Wishful thinking, Wintermane, isn't convincing. You must NOT live in a big city and face a daily commute; or maybe you do and oppose investment in mass transit. Maybe you think urban planning is evil socialism and driving is freedom.


Oh I live in a small city and no I dont appose mass transit. I dont like mass transit that depends on strike prone labor thats true. I prefer automated mass transit systems. Im also VERY much into high speed electric traisn to replace most city to city air travel. In fact our little city is right on the high speed rail line path that we hope they will start building soon.

I just dont have tunnel vision to think other methods of travel wont also grow into large markets too.

I have never owned nor ever wanted a high performance car or an suv but I am not blind to the fact they are wanted by people with ALOT of money and that that money will attract enough investment to get them what they want in fuel cell cars and trucks. I follow battery tech fuel cell tech compressed air tech flywheel tech biofuels tech and so on simply because I find it engrassing to see how all these different methods are panning out and comming along amazingly well. I love it when they actualy managed to make a real compressed air car.. granted id never fit in it but still its amazing!

I actualy love the g whiz even tho again I dont think id actualy fit in it its wonderful.. if a tad dangerous in a crash.

I dont want any one idea to win I want alot of realy cool techs to come to power and make for a cornacopia of realy cool cars. All I want is a realy cool future not a boring one.


Winter, the PNGV program did more than simply produce "the basic design of the car." Before the program had been cancelled GM, Ford, and Chrysler had all created working concept vehicles of 5 passenger family cars that achieved at least 72 mpg - the GM car even got 80 mpg. As for how "sellable" the cars could have been, well I've seen pictures of them and they would not have been out of place with the other sedans GM, Ford, and Chrysler were already selling.
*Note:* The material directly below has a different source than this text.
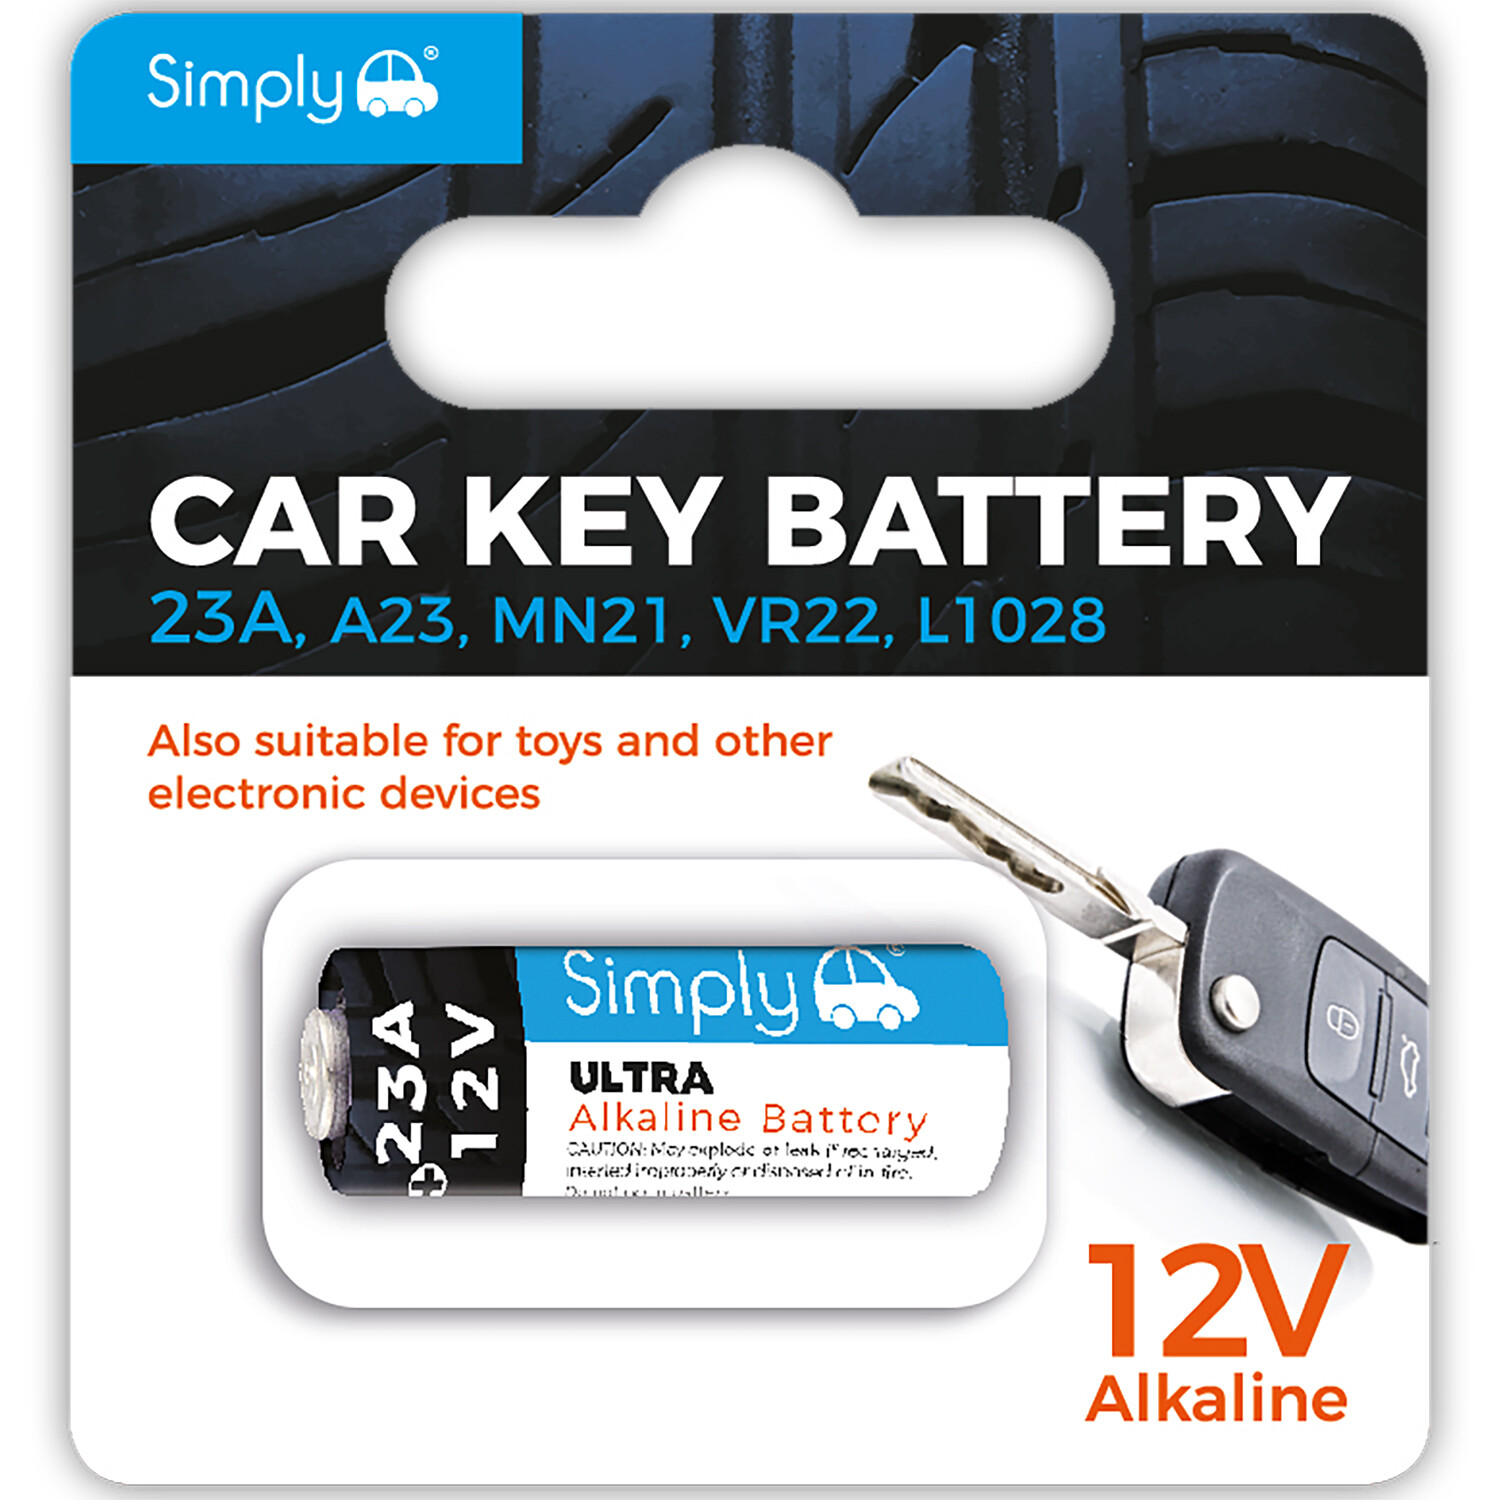 12V Car Key Battery Image
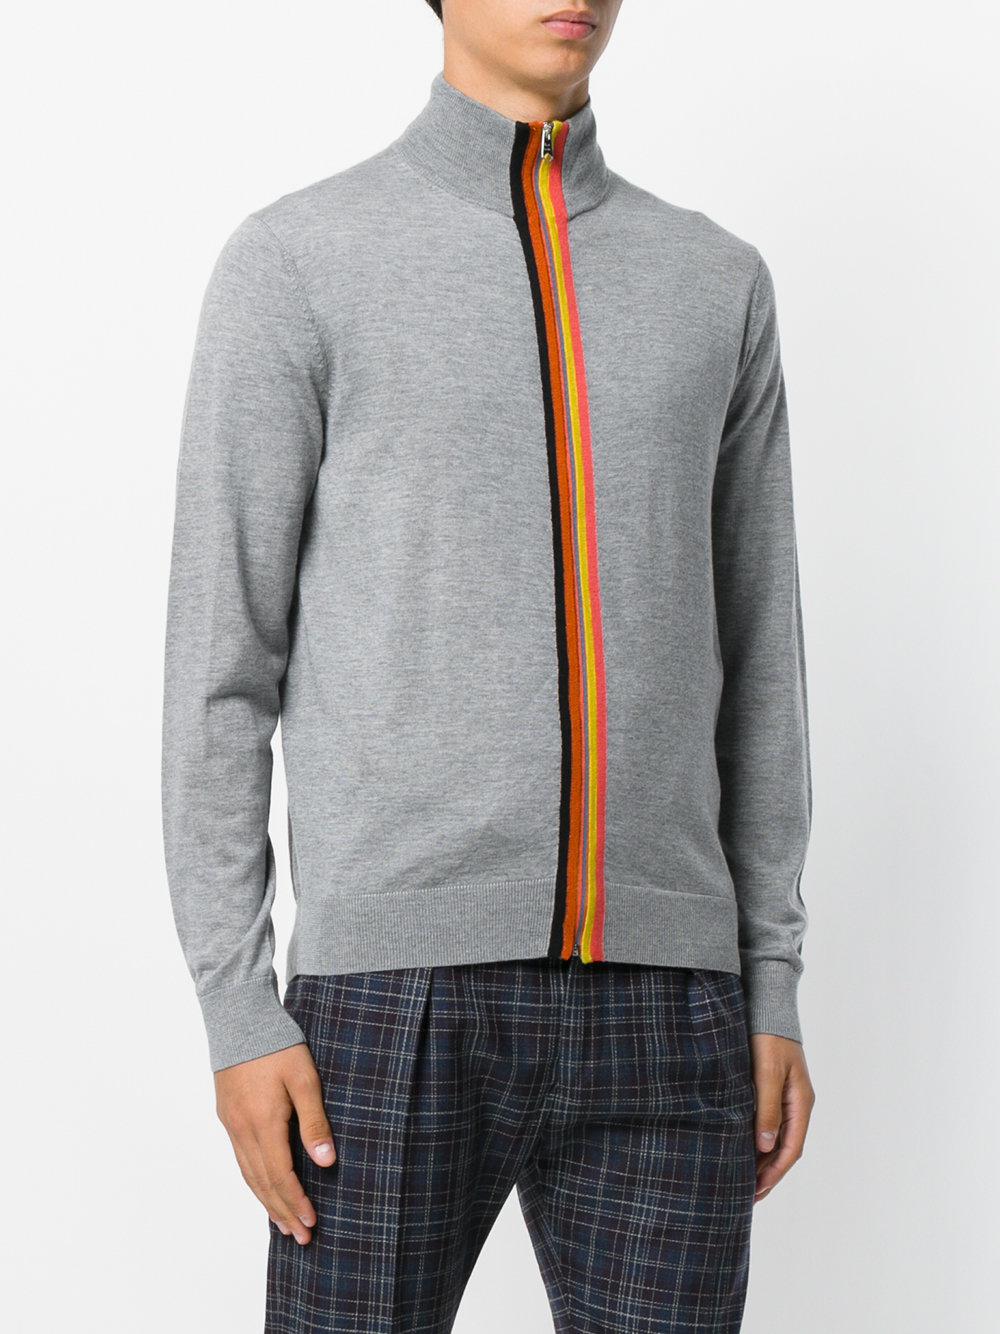 Lyst - Paul Smith Rainbow Trim Zip Front Sweater in Gray for Men

In fact I'd say those cars were far less radical looking than Ford's earlier Probe concept cars;


BTW, even if you want to deride them as only "concept vehicles" that would still need work before they could be sellable, with the working concept vehicles getting 70-80 mpg, a showroom ready version would have had to have been really f'd up to not be twice as fuel efficient as anything comparible then on the road.